About this exercise: Return exactly the span of lines in the following data that opens with the line containing "Auning, Denmark - 19" and closes with the line containing "Frontiers Blood Glutamate". Include nothing else.
━━━━━ Data provided
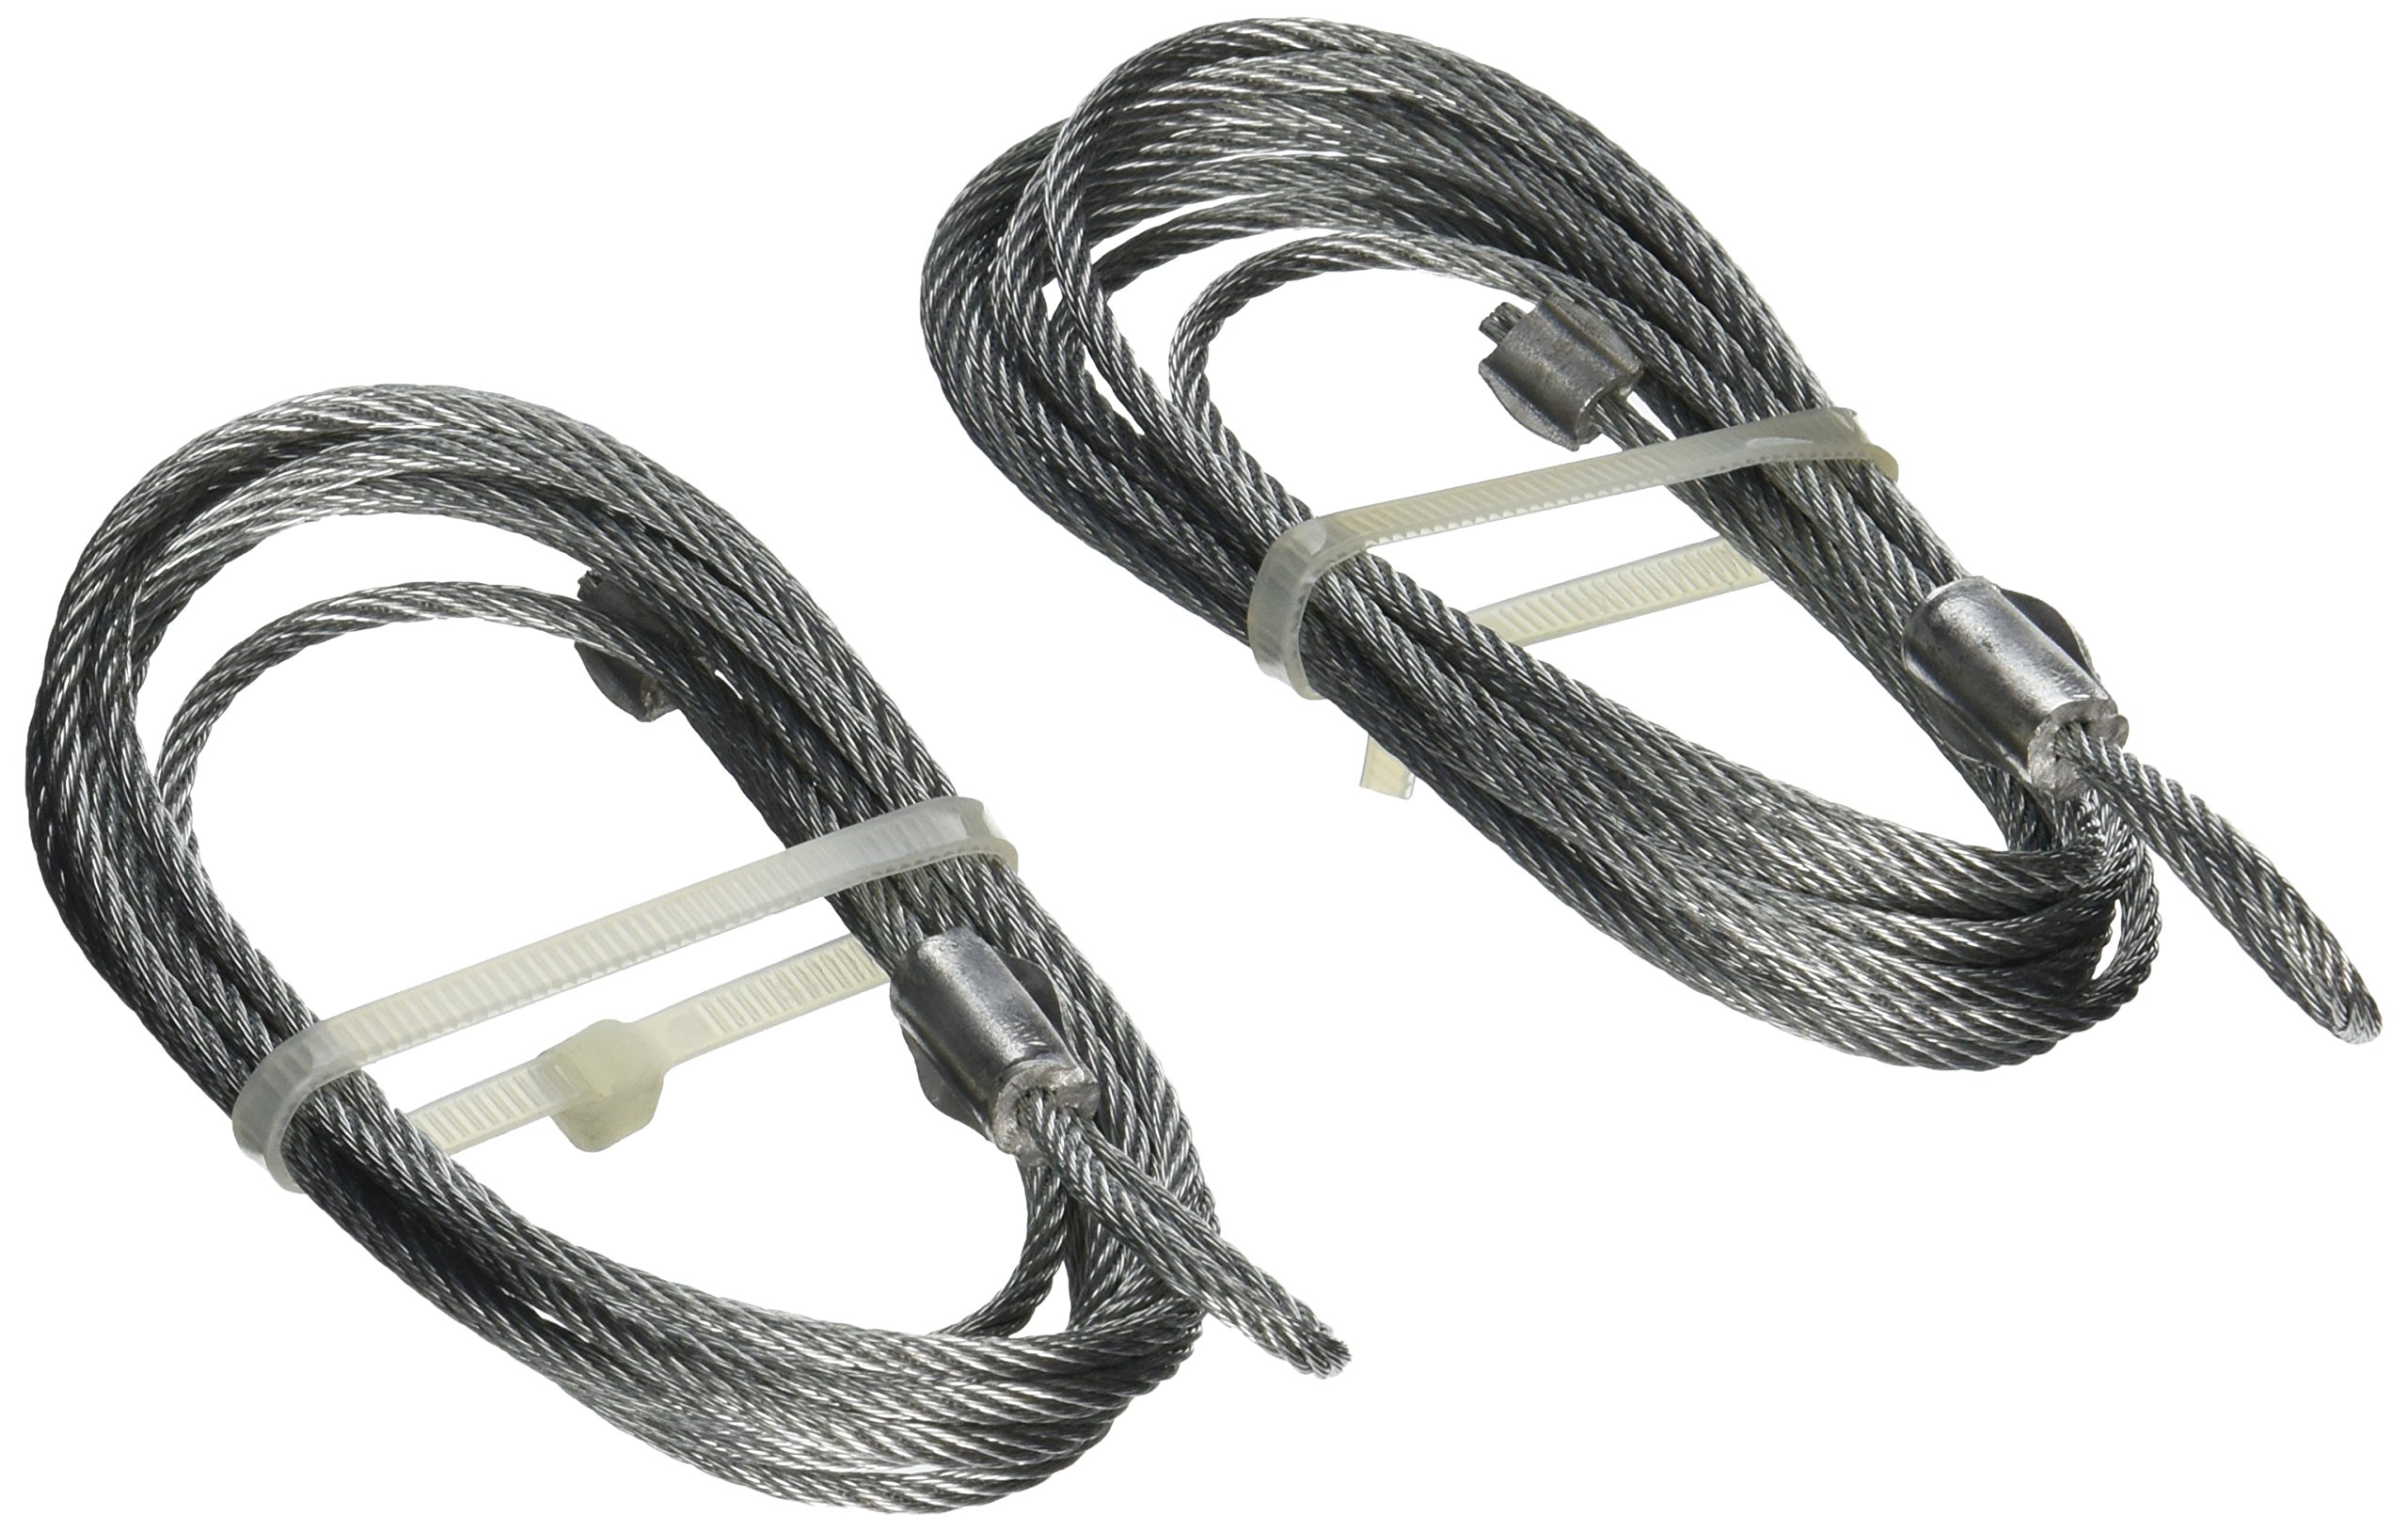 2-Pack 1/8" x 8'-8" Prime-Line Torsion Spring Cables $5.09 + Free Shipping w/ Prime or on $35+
━━━━━━━━━━
━━━━━ Data provided
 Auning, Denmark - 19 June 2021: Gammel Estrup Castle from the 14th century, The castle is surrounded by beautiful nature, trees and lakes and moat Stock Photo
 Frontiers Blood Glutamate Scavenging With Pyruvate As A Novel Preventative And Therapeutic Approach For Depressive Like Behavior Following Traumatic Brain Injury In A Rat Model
━━━━━━━━━━
━━━━━ Data provided
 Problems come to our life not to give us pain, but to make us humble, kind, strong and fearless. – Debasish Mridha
━━━━━━━━━━
Output:
 Auning, Denmark - 19 June 2021: Gammel Estrup Castle from the 14th century, The castle is surrounded by beautiful nature, trees and lakes and moat Stock Photo
 Frontiers Blood Glutamate Scavenging With Pyruvate As A Novel Preventative And Therapeutic Approach For Depressive Like Behavior Following Traumatic Brain Injury In A Rat Model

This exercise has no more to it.